[ASSIGNMENT] Below is a listing with pictures in it; transcribe exactly the lines from the one that has "Germi, simpatico divertente" through the one that has "Švedriškės Šv. Jono Krikštytojo bažnyčia", and omit those pictures.

[EXTRACTED INFORMATION]
──────────
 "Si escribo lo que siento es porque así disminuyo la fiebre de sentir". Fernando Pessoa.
──────────
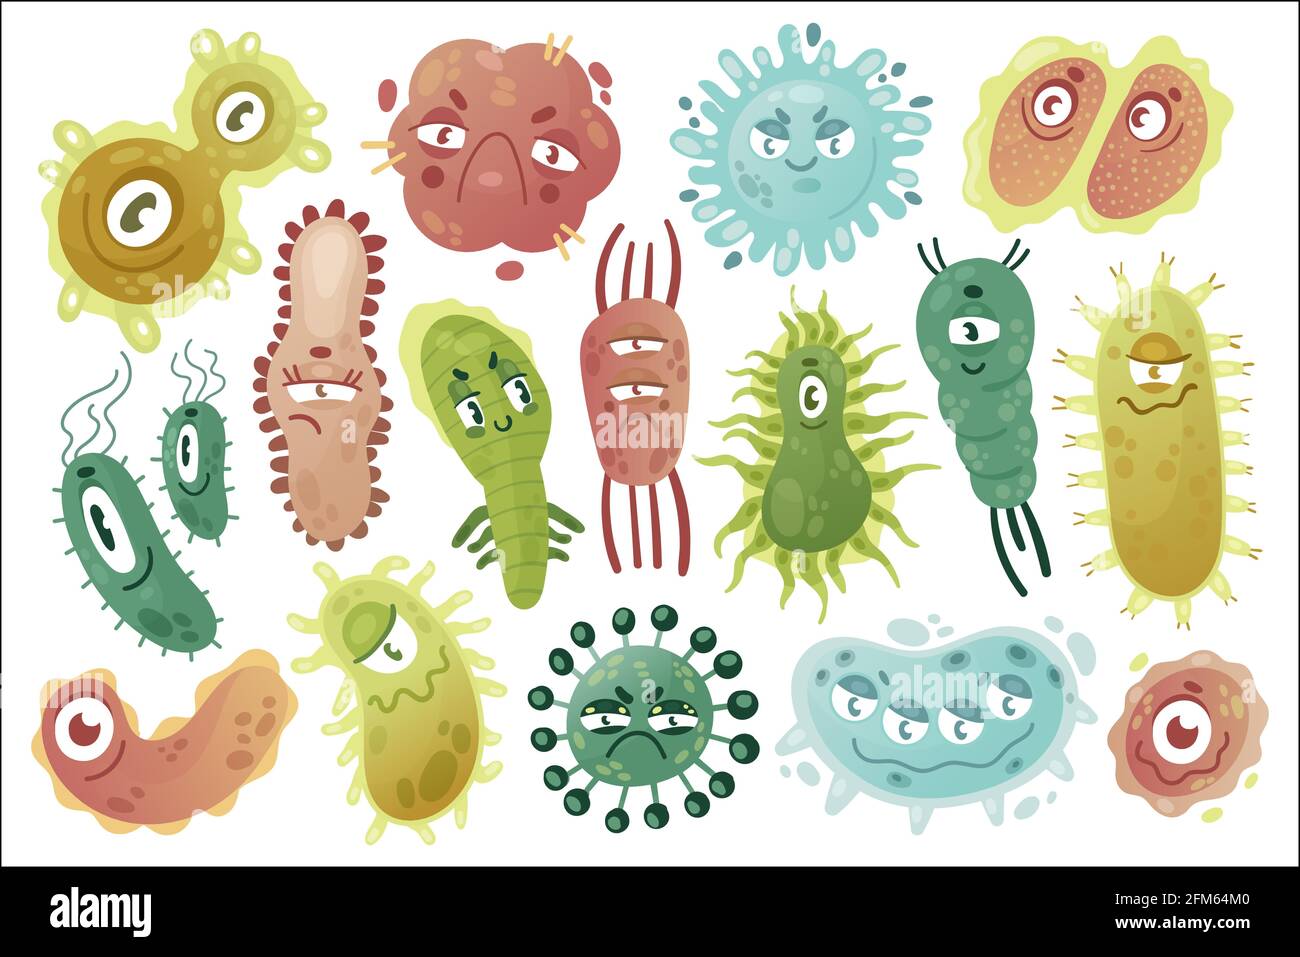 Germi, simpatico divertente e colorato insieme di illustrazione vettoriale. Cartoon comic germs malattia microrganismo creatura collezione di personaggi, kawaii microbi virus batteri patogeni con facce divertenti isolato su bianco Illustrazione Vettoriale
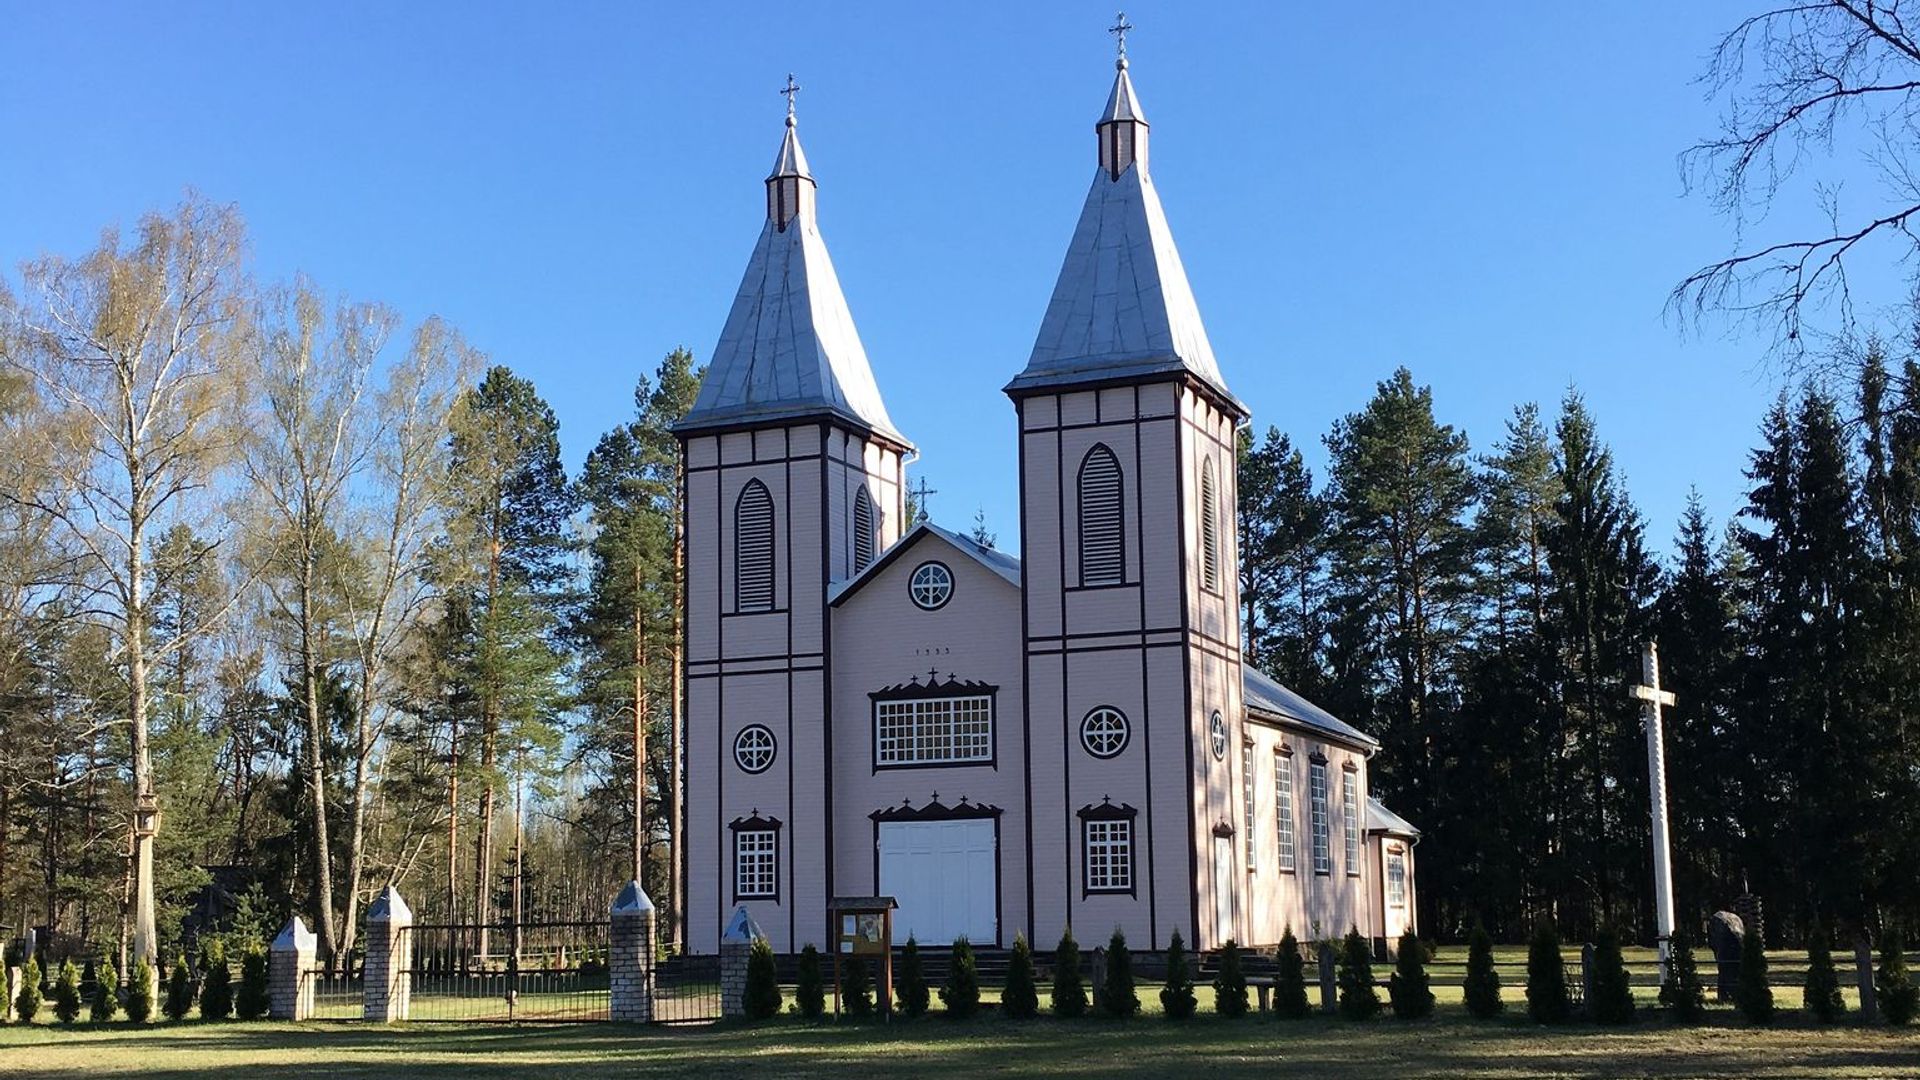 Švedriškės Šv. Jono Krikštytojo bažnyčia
──────────
[EXERCISE ANSWER]
 Germi, simpatico divertente e colorato insieme di illustrazione vettoriale. Cartoon comic germs malattia microrganismo creatura collezione di personaggi, kawaii microbi virus batteri patogeni con facce divertenti isolato su bianco Illustrazione Vettoriale
 Švedriškės Šv. Jono Krikštytojo bažnyčia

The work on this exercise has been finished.